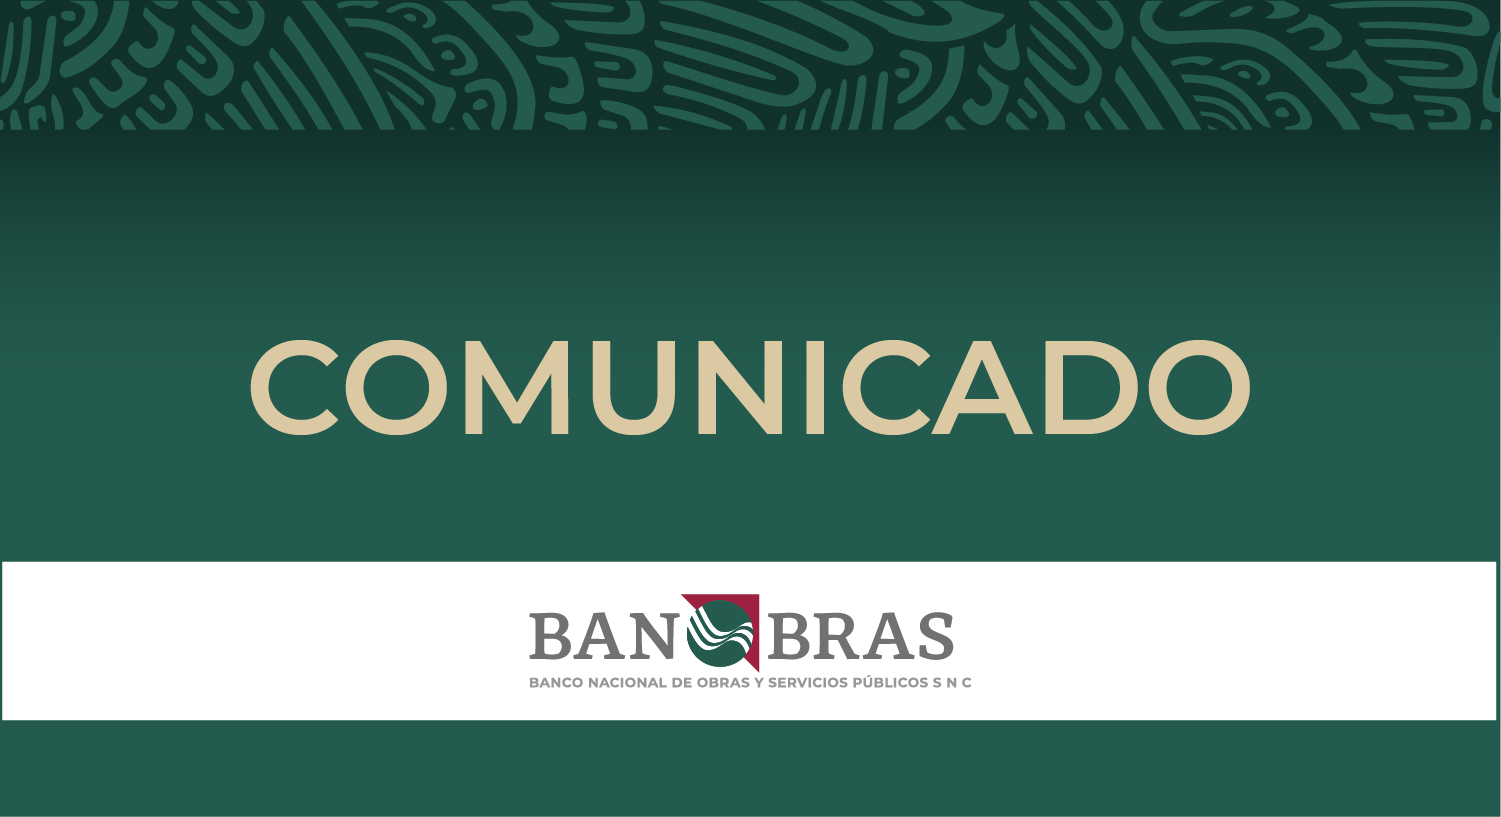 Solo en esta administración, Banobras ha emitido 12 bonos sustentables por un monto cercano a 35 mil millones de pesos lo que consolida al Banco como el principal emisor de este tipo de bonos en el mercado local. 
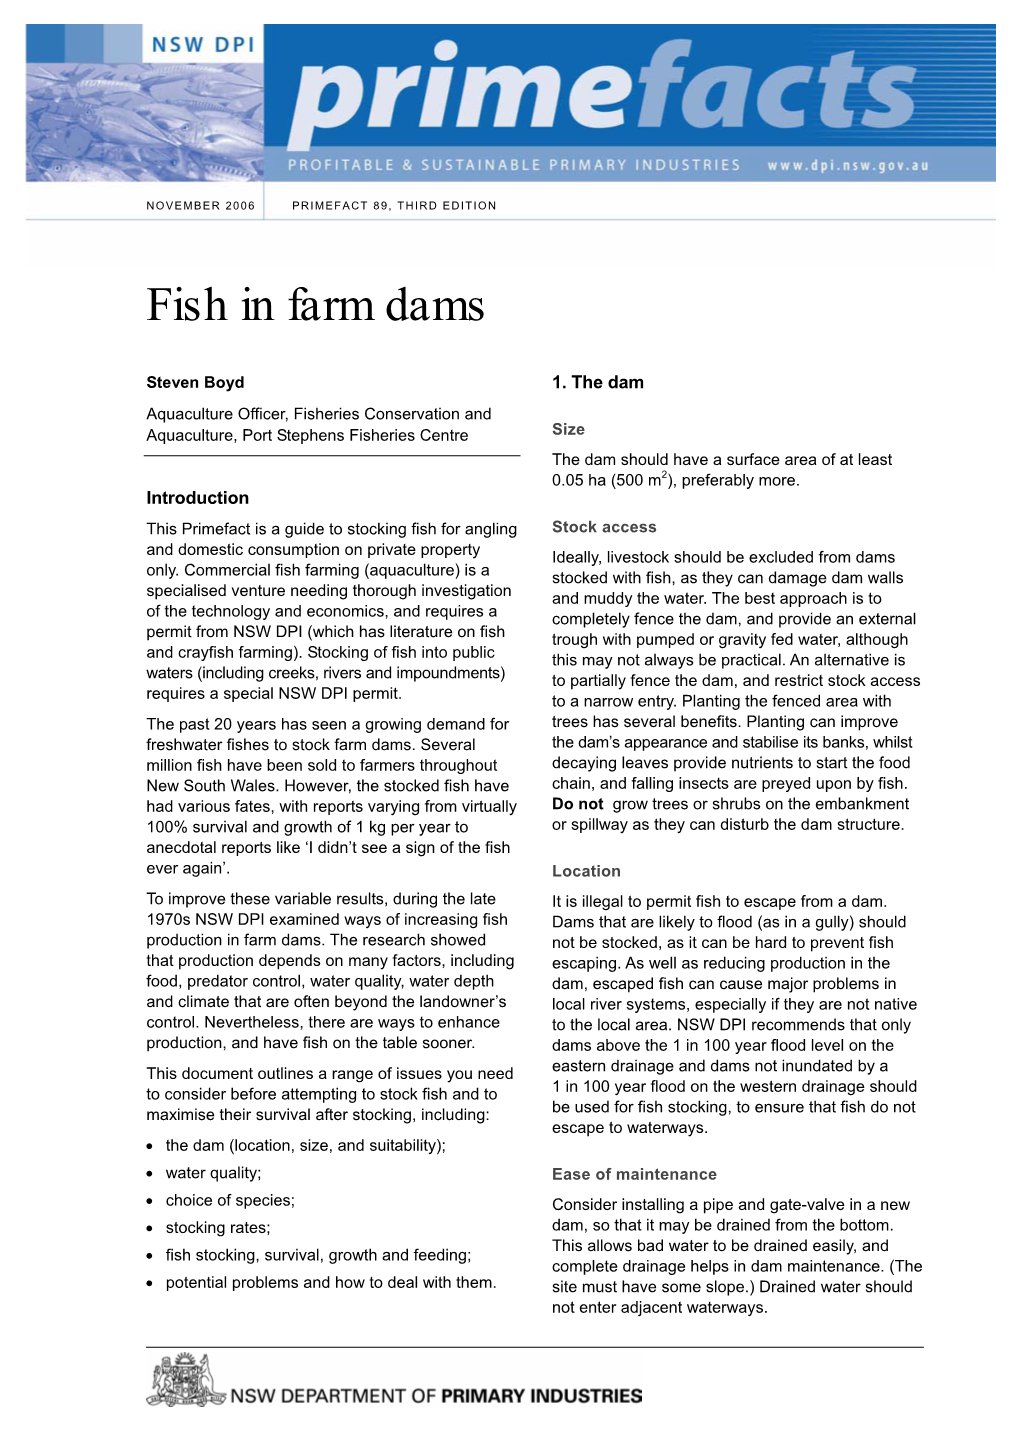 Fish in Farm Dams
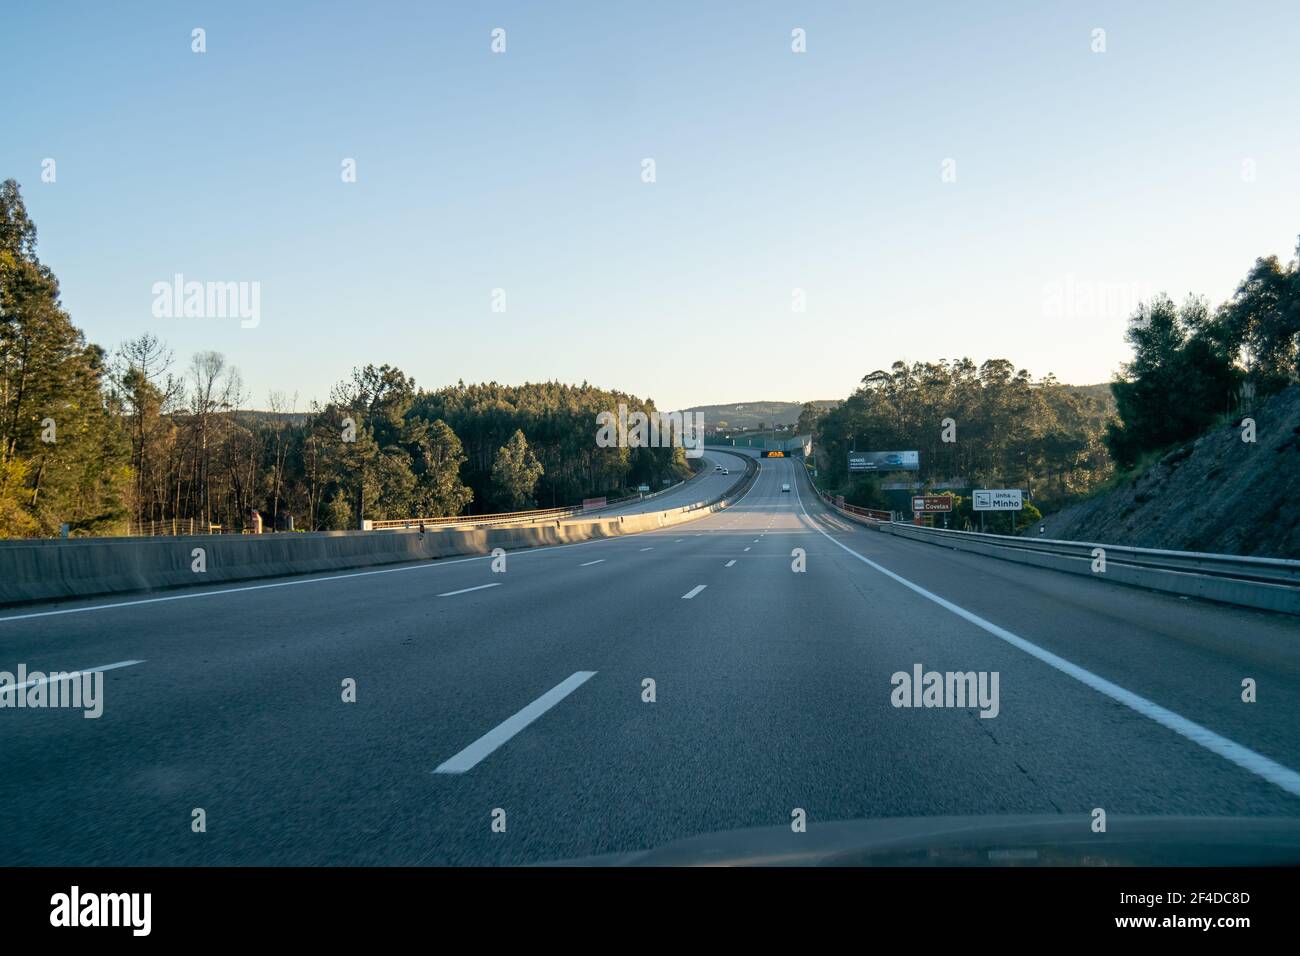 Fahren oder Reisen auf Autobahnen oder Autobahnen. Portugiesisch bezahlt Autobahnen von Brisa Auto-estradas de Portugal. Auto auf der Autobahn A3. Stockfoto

====

- [Your task]:
Reproduce the full material exactly, excluding the pictures.

- [Output for this task]:
 Solo en esta administración, Banobras ha emitido 12 bonos sustentables por un monto cercano a 35 mil millones de pesos lo que consolida al Banco como el principal emisor de este tipo de bonos en el mercado local. 
 Fish in Farm Dams
 Fahren oder Reisen auf Autobahnen oder Autobahnen. Portugiesisch bezahlt Autobahnen von Brisa Auto-estradas de Portugal. Auto auf der Autobahn A3. Stockfoto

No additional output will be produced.